The response content will be exactly one of the strings in choices -- no quotes, no extras. Parse it directly as a string.

This is ideal for driving game state: emotion systems, dialogue branching, action selection, difficulty ratings, etc.

Regex Constraint

Force the model to output text matching a regular expression. Useful for codes, dates, identifiers, and structured text that isn't JSON.

curl http://localhost:11434/v1/chat/completions \
-H "Content-Type: application/json" \
-d '{
"model": "in-memory::meta-llama/Llama-3.2-3B-Instruct-Q4_K_M",
"messages": [
{"role": "user", "content": "Generate a fantasy item code."}
],
"response_format": {
"type": "regex",
"pattern": "ITEM-[A-Z]{3}-[0-9]{3}"
}
}'

Example output: ITEM-LYS-042

The pattern uses standard regex syntax. The model's output is guaranteed to match the pattern exactly.

Grammar Constraint (Lark)

For complex output formats that go beyond regex but aren't JSON, you can specify a Lark context-free grammar.

curl http://localhost:11434/v1/chat/completions \
-H "Content-Type: application/json" \
-d '{
"model": "in-memory::meta-llama/Llama-3.2-3B-Instruct-Q4_K_M",
"messages": [
{"role": "user", "content": "Greet the player."}
],
"response_format": {
"type": "grammar",
"lark": "start: greeting \" \" name\ngreeting: \"hello\" | \"hi\" | \"hey\"\nname: /[A-Z][a-z]+/"
}
}'

Example output: hello Adventurer

This is the most flexible format -- you can define any structure that a context-free grammar can express. Use it for custom DSLs, formatted commands, or structured text that doesn't fit JSON.

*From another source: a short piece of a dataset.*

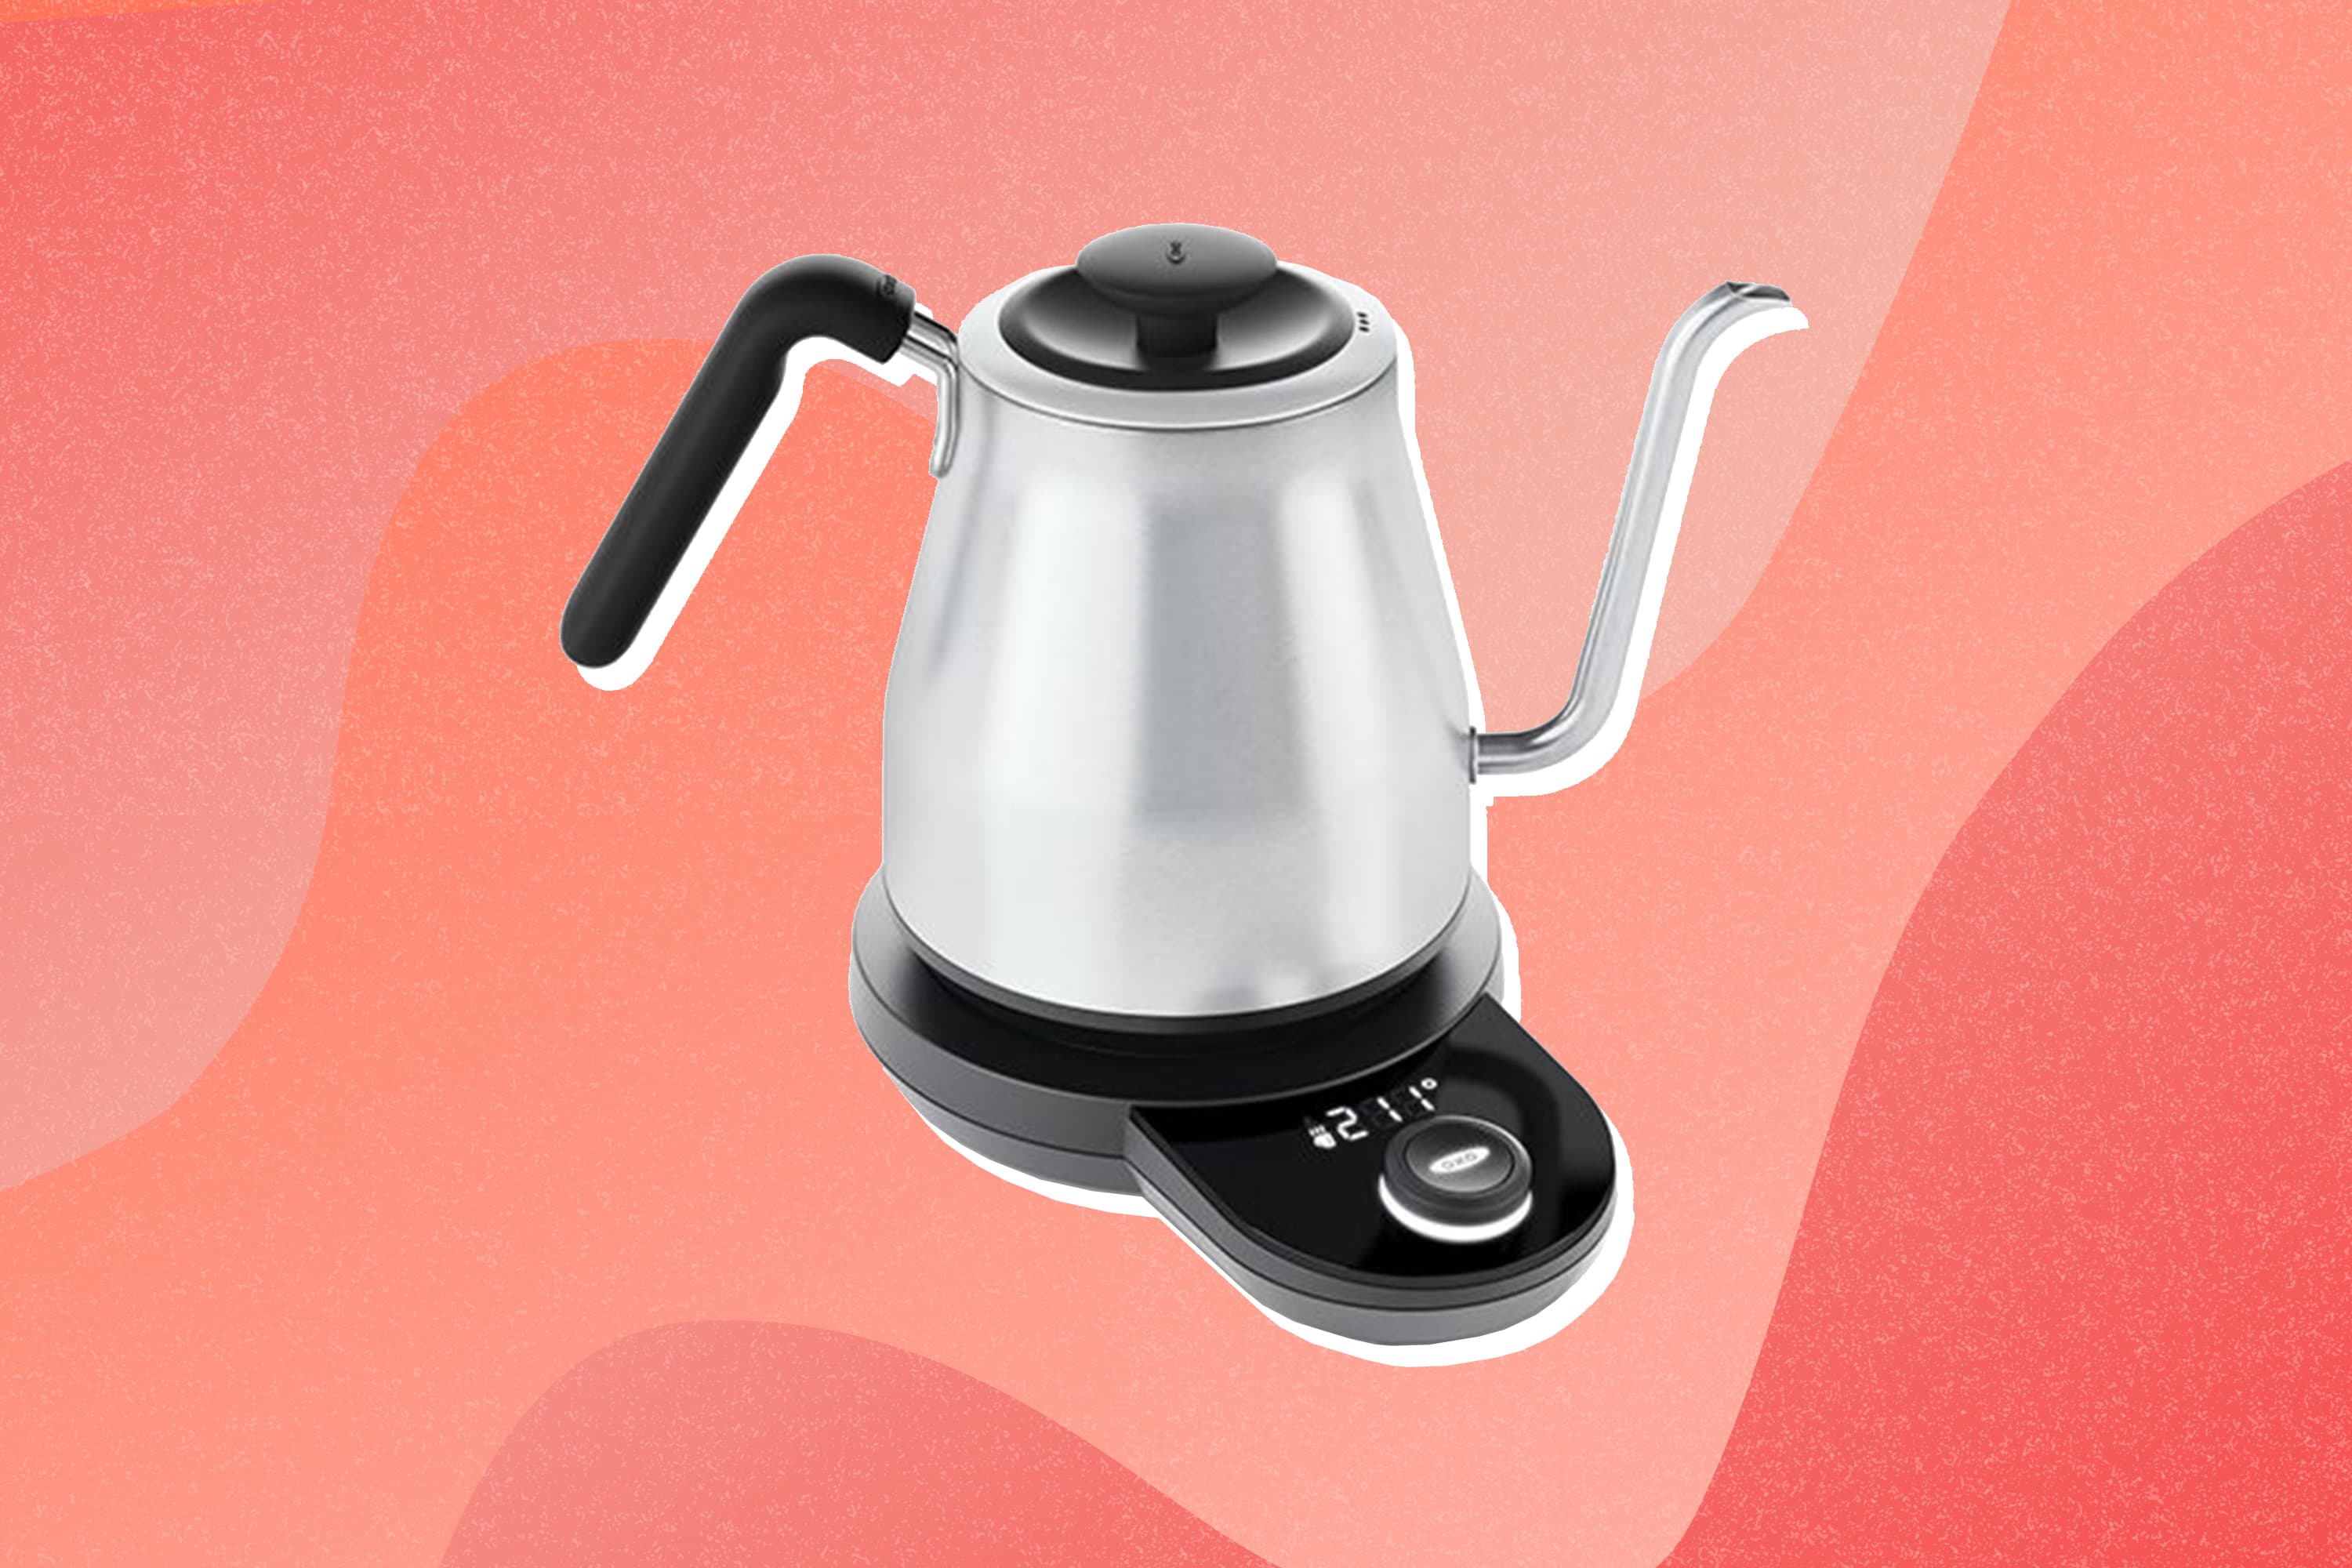 https://cdn.apartmenttherapy.info/image/upload/v1605882980/k/Design/2020-11/dotd-november/dotd-tea-kettle-oxo.jpg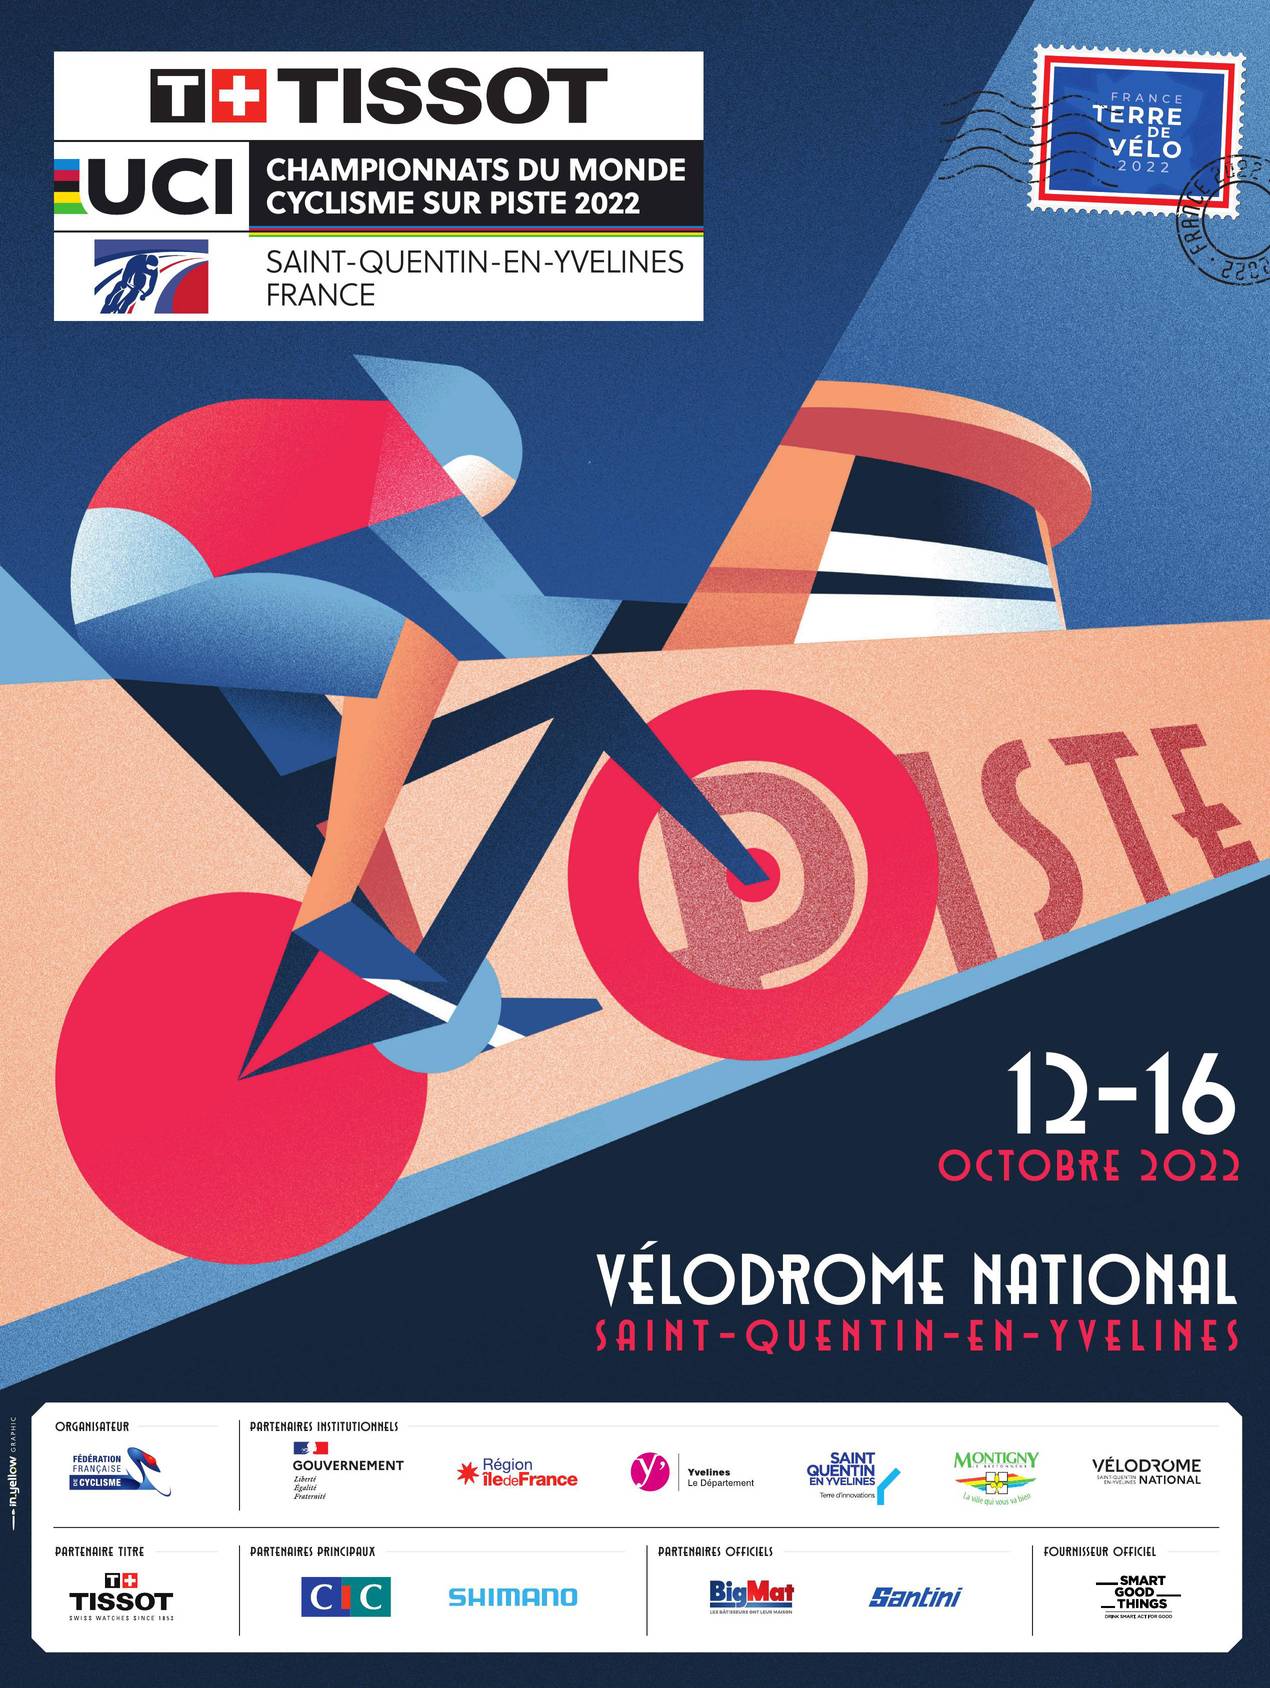 Championnats du Monde Piste UCI Tissot du 12 au 16 octobre

Structured Generation with Streaming

Structured generation works with streaming too. The JSON is built token by token, and the final assembled output is guaranteed valid. Accumulate the streamed tokens, then parse the complete JSON when the stream finishes.

Tips

  • Keep schemas focused. Smaller schemas with fewer fields produce better results. Don't ask for 20 fields when you need 5.
  • Use enums for fields that should be one of a known set of values (emotions, item types, difficulty levels). This prevents the model from inventing invalid values.
  • System prompts still matter. The schema constrains the structure, but the system prompt influences the content quality. "Generate a balanced RPG encounter for level 8 players" produces better results than just "Generate an encounter."
  • Temperature matters less with structured generation since the schema already constrains the output, but lower temperatures (0.3-0.7) produce more consistent field values.
  • Add description fields to your schema properties. These are included in the auto-injected prompt hint (at "concise" level), helping the model understand what each field should contain.
  • Use "schema_injection": "light" on very small models (1B) with long prompts to save context tokens. Use "full" on larger models (7B+) with complex nested schemas for maximum precision.